İslam ahlakı her şeye hürmet, var olan her şeyi takdir, tüm yaratılmışları değerli görmek ilkesinden hareket eder. Tüm alem Hakk’ın sözleri ise hürmetten başka insana ne düşer ki? İçinde yaşadığımız dünyanın her bir parçasına gösterilen büyük dikkate ve inceliğe ise ‘adap’ adı verilir. Adap eşyayı yerli yerinde görmek, her birinin bir amaç için istimal edildiğini bilmek, yapana ve daha önemlisi de yapanı yaratana teşekküre doğru ilerleyen zarafetin adıdır.
Biz bu çalışmalar sürecinde harfleri bir hatırlama, eşyanın yaratılış gayesini ve kullanım imkanını yad vesilesi sayarak eşyanın kıymetini yeniden düşünmek istiyoruz. Çevremizdeki nesnelere, kullandığımız araç ve gereçlere bir tür isim vermekle onlara saygıyı geri çağırmak, onları insana amade kılan Sanatkarı hatırlamak istiyoruz. Harfler o nesnelerin şifreleri, onların yapı taşları olarak düşünüldü. Bu harfler ile eşya arasında irtibat kuran zihin, eşyayı alem içinde ‘abes’ ve anlamsız şeyler olarak görmemek için harfler ile eşya arasında irtibat kurdu.

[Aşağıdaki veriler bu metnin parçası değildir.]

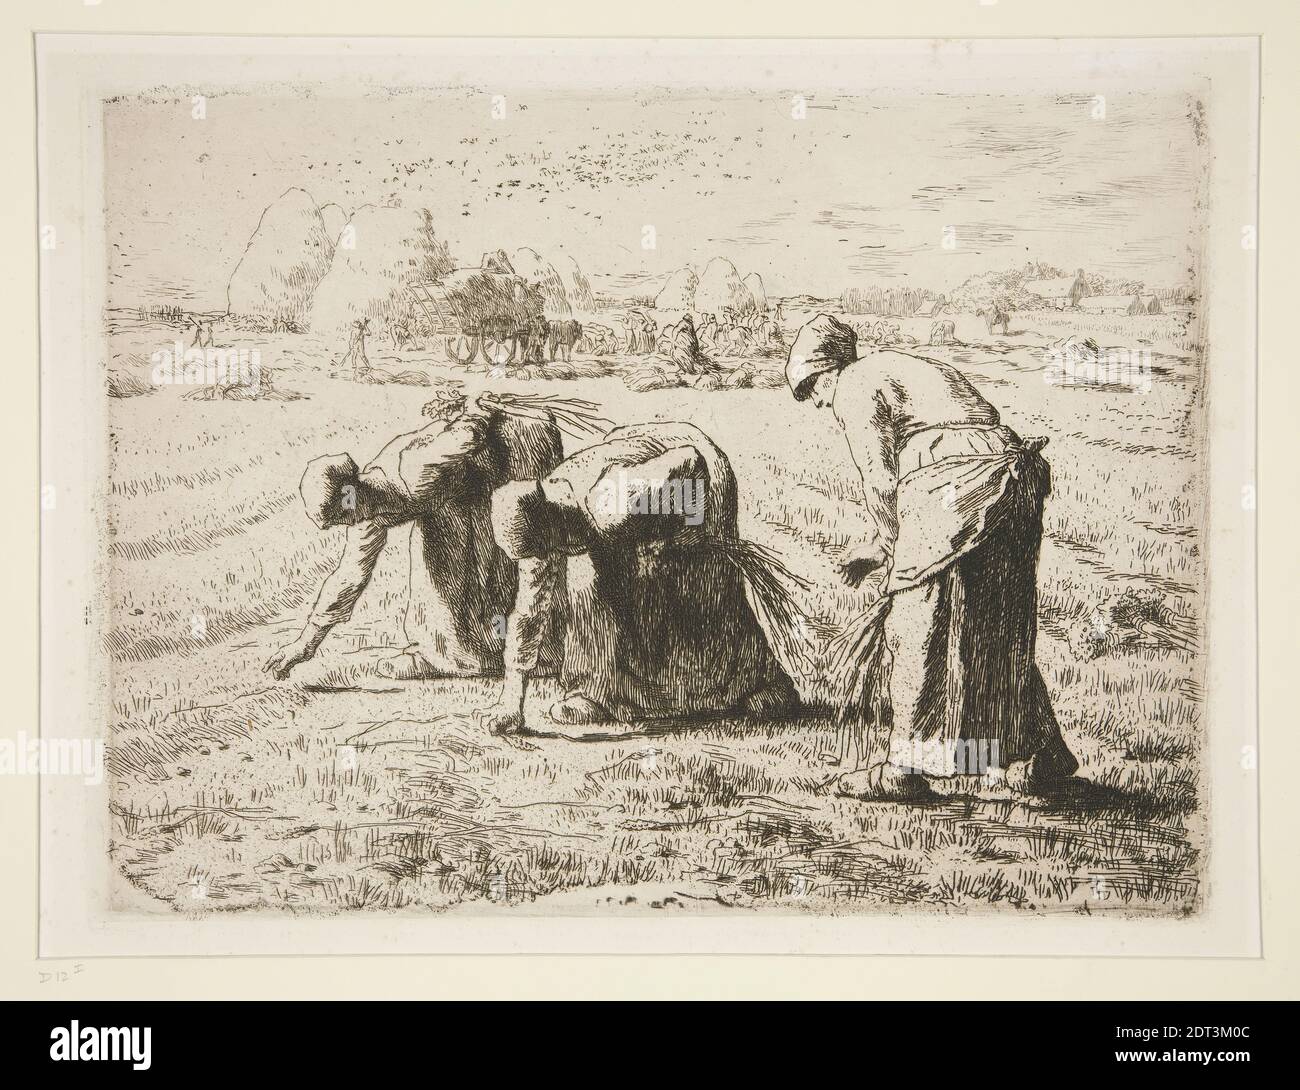 Artist: Jean-François Millet, French, 1814–1875, Les Glaneuses (The  Gleaners), Etching with chine collé, 19.2 × 25.2 cm (7 9/16 × 9 15/16 in.),  Made in France, French, 19th century, Works on Paper - Prints Stock Photo -  Alamy
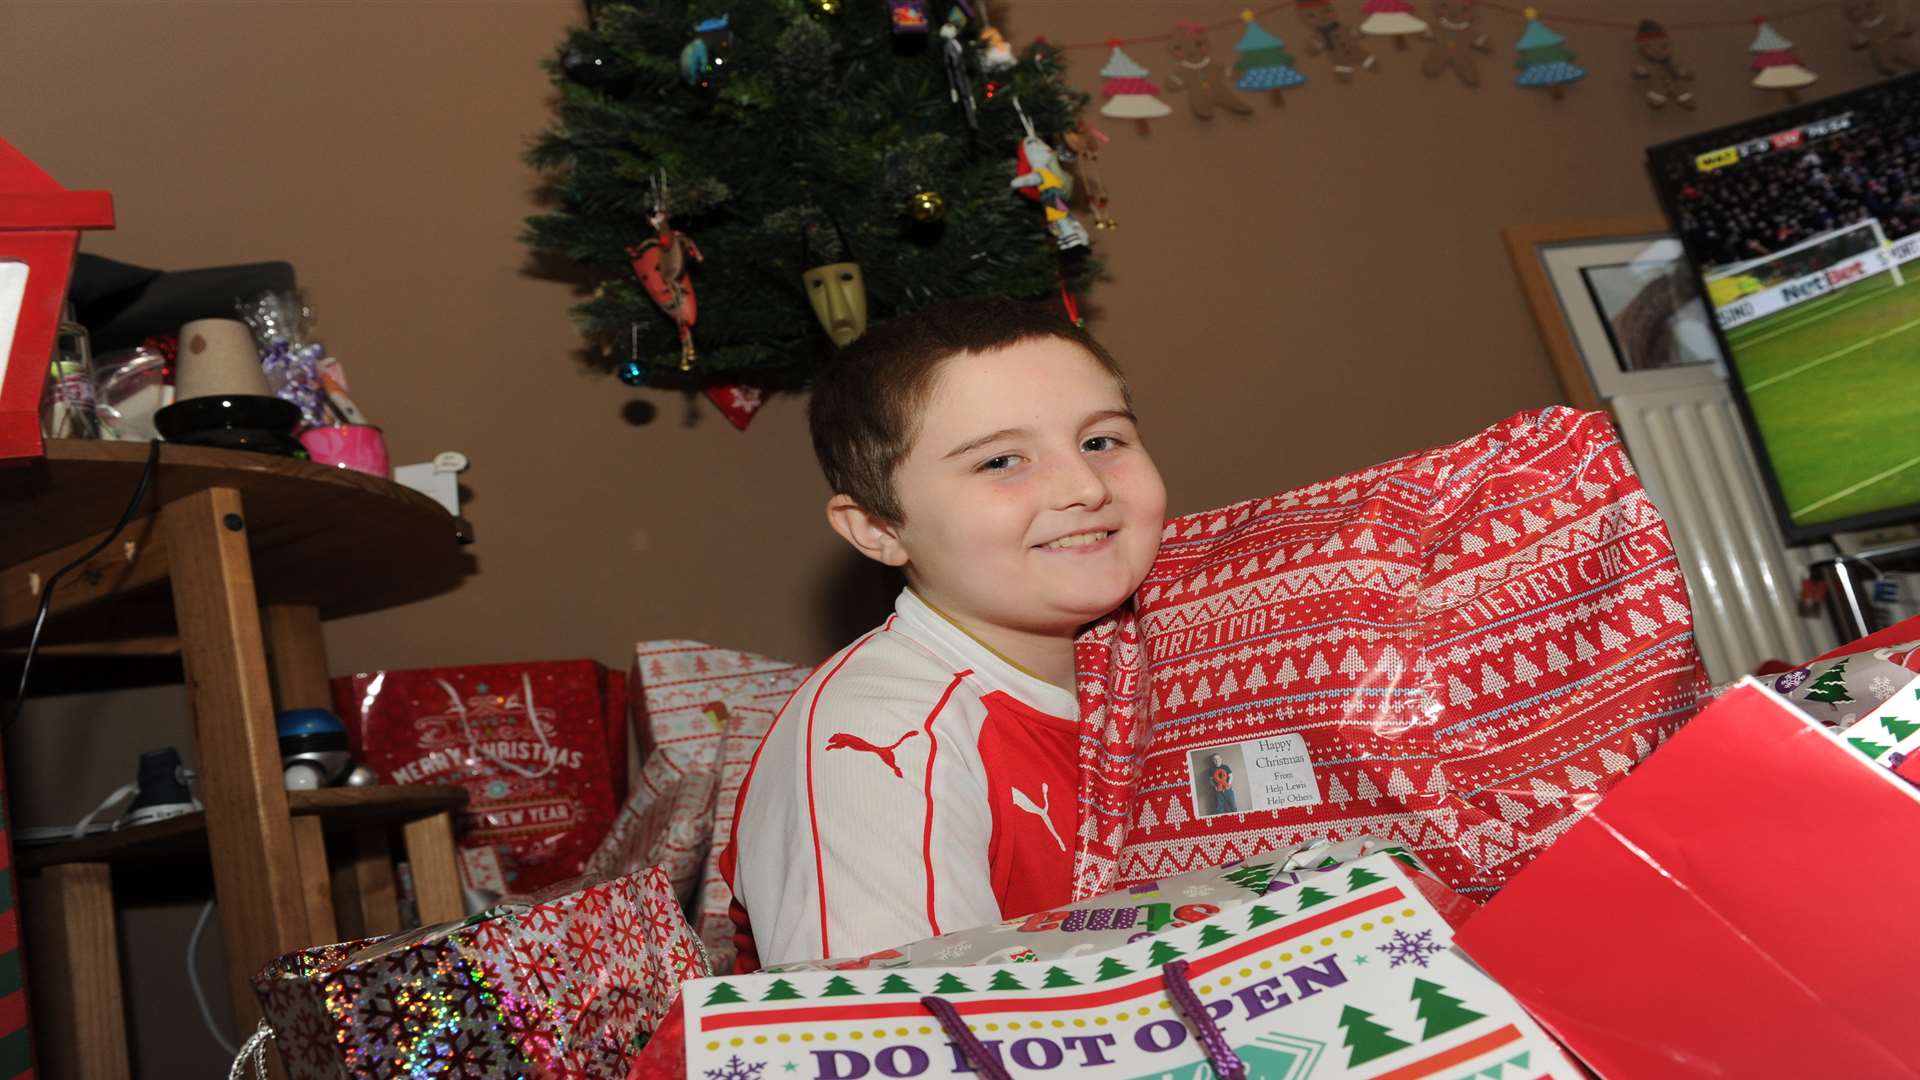 The 10-year-old spent last Christmas in hospital with leukaemia.

Eşya kullanıp sonra bir yana atacağımız şeyler değildir; her şey alemde bir amaç için yaratılmış, her şey bir sır taşıyan bir varlık parçasıdır. Her şey bir kelimedir, her kelime ise bir harftir. Bunu hatırlayalım diye harfleri bir hatırlama vesilesi kabul ettik.